[Twitter] I want to make the downloaded past tweets (of my account) into a beautiful CSV

On Twitter, go to Settings> Accounts> Twiter Data> Download Archive As you know, there is a function to download all your past tweets. スクリーンショット 2019-12-07 17.53.12.png

The downloaded file contains information about past tweets, RT tweets, likes tweets, direct messages, and more. (It seems that you can browse by opening index.html which is usually downloaded together, but in my case index.html was not downloaded. Why?)


2019/12/15 postscript
It seems that index.html has been changed to a specification that is not downloaded in the first place.

Hands-on to visualize your tweets while understanding BERT ↑ I noticed after reading this article. ↓ (Reference) [Solved] I can't download all tweet history on twitter [Method]
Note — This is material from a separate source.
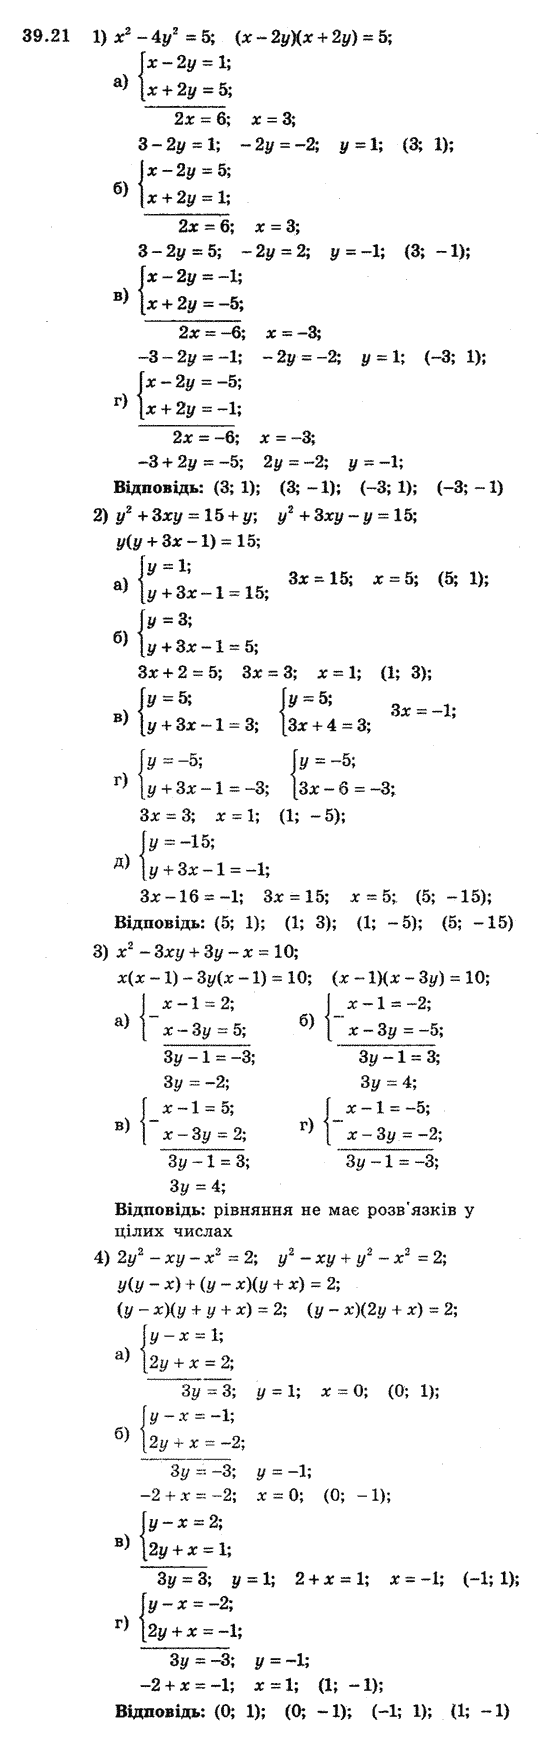 Гдз алгебра 8 класс поглиблене
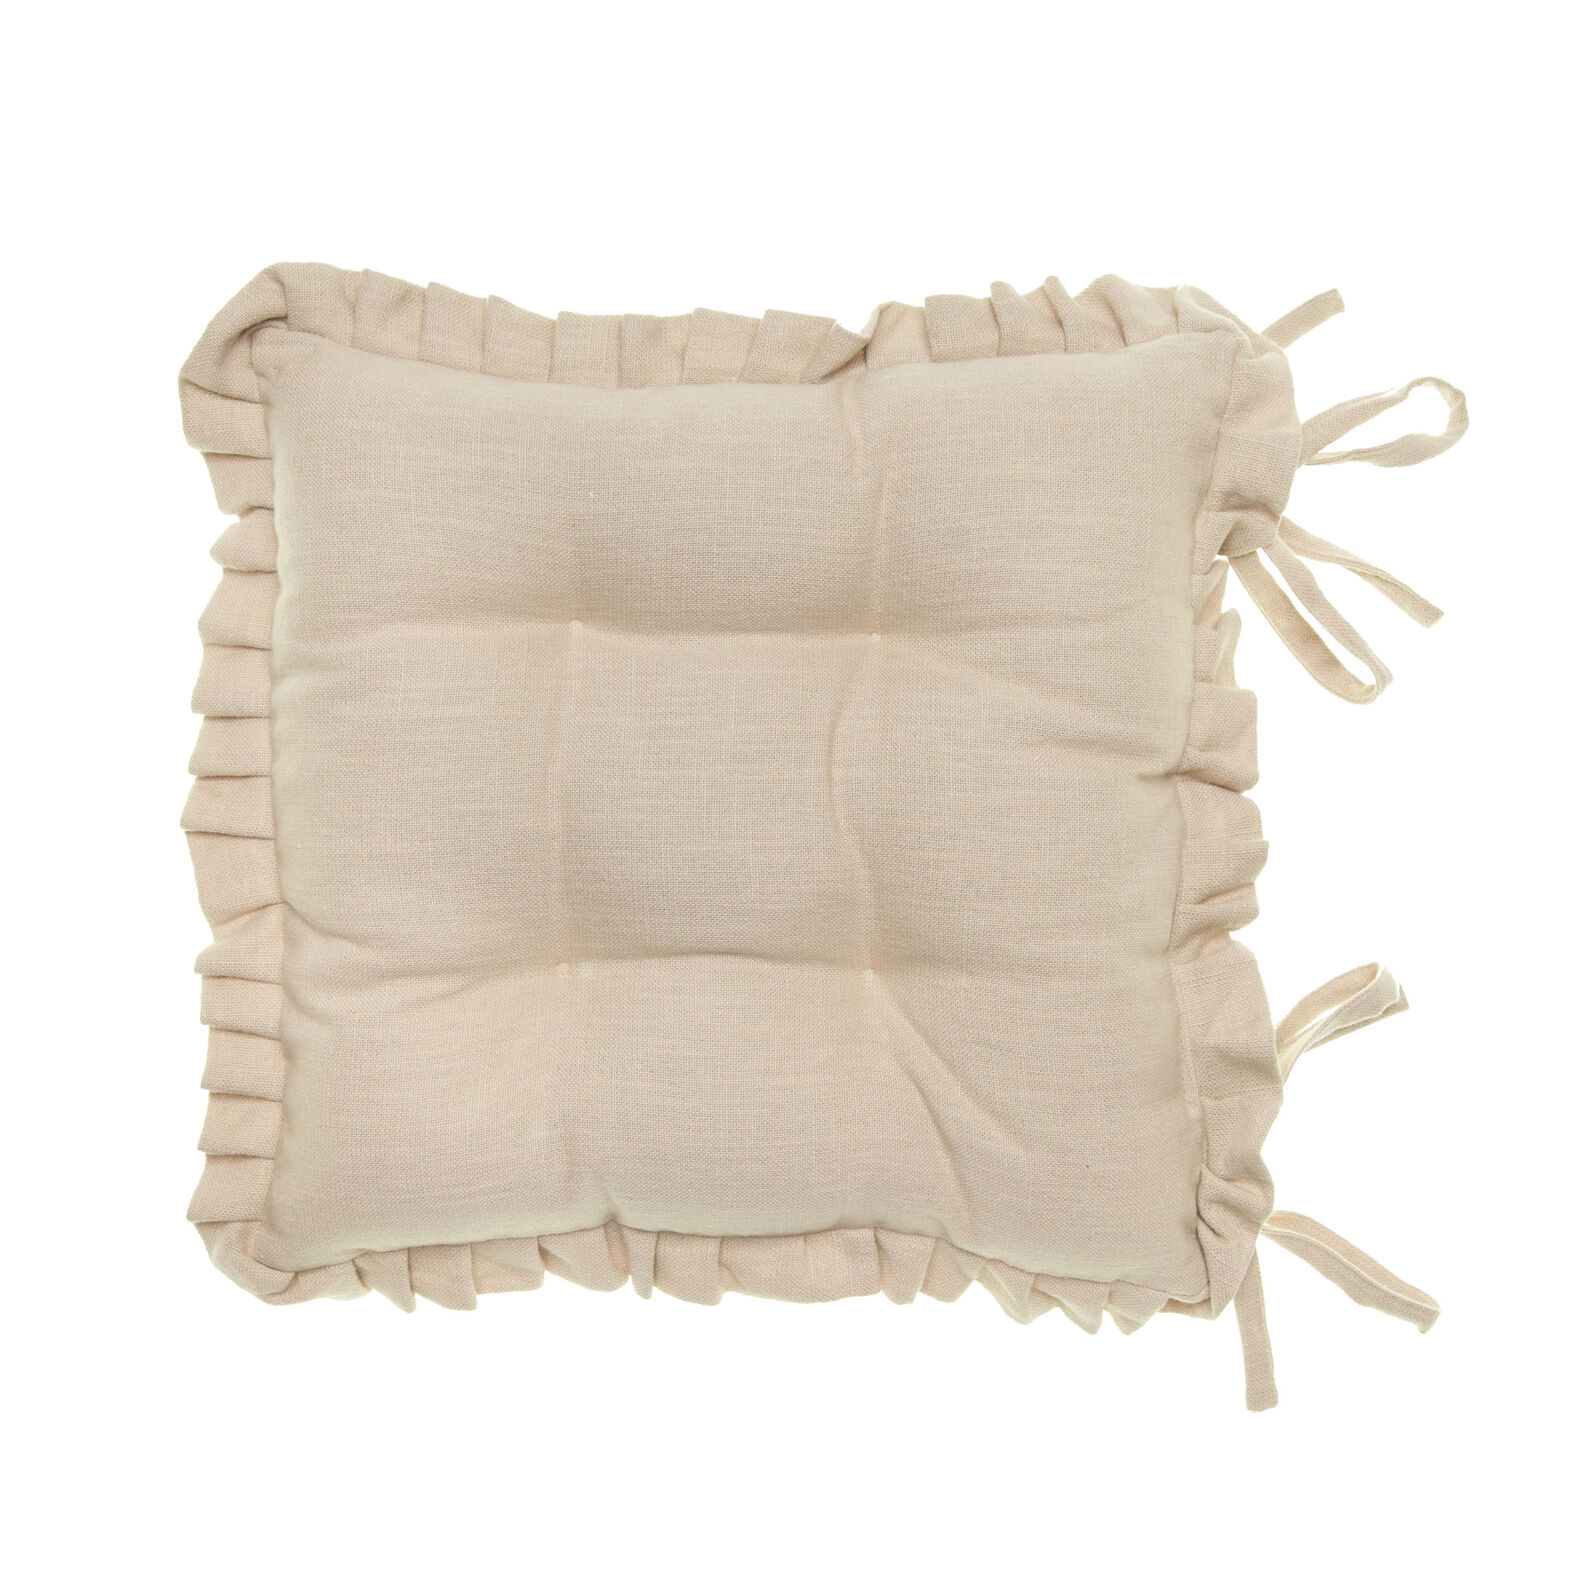 cuscini con volant per sedie: cuscino sedia con volant morbidone

If you want to do text mining or some kind of analysis, you'll probably want to read tweet.json. In this article, we will process this json file into a csv that is easy to use for morphological analysis. The csv to be created is two columns, "Timestamp" and "Text Body".

Image of CSV that can be finally created n5v579QliBDG6o51575723317_1575723341.png

environment Python 3.6.5 Mac OS Mojave 10.14.4

pandas==0.23.0

When you open the downloaded json, it looks like this. tLvy3PlzlPJ2Khh1575731228_1575731416.jpg

Underlined red

window.YTD.tweet.part0 = 

Is unnecessary, so please delete it. Then change the extension to .txt and put it in your working directory.

read_dl_tweet.py


import pandas as pd
import json

tweets_file = open("tweet.txt", "r")
tweet = json.load(tweets_file)

Open json as a pandas dataframe in the script above. There are many columns, but only the necessary columns are extracted.

read_dl_tweet.py


df = tweet_data_frame.loc[:,["created_at","full_text"]]

Since there are troublesome characters such as line breaks and commas when making csv, remove them. It didn't work without regex = True.

read_dl_tweet.py


df = df.replace(['\n',',','	','\r'],'',regex=True)

Also, the format of the time stamp is in a form that cannot be used for sorting, so correct it to make it easier to read. I was able to convert it in one shot with the to_datetime method of pandas.

read_dl_tweet.py


df_date = pd.to_datetime(df["created_at"])
df["date_form"] = df_date
df_sorted = df.sort_values("date_form") 
df_text_date = df_sorted.loc[:,["date_form","full_text"]]

Sorted by the newly created time stamp.

read_dl_tweet.py


df_text_date.to_csv("df_text_date.csv", header=False, index=False,sep=',',encoding='utf-16')

Please change the option when outputting csv as appropriate (such as making the delimiter a tab).

In Next article, I will graph the number of tweets for each period from the created csv.

This code: https://github.com/KanikaniYou/plot_tweet_graph

Recommended Posts

[Twitter] I want to make the downloaded past tweets (of my account) into a beautiful CSV
I want to check the position of my face with OpenCV!
I tried to make a script that traces the tweets of a specific user on Twitter and saves the posted image at once
I want to express my feelings with the lyrics of Mr. Children
Python: I want to measure the processing time of a function neatly
I want to make matplotlib a dark theme
I want to INSERT a DataFrame into MSSQL
I want to make a game with Python
I want to make fits from my head
I want to customize the appearance of zabbix
The story of IPv6 address that I want to keep at a minimum
I want to set a life cycle in the task definition of ECS
I want to add silence to the beginning of a wav file for 1 second
I want to see a list of WebDAV files in the Requests module
Use twitter API to get the number of tweets related to a certain keyword
How to make a Raspberry Pi that speaks the tweets of the specified user
I refactored "I tried to make a script that saves posted images at once by going back to the tweets of a specific user on Twitter".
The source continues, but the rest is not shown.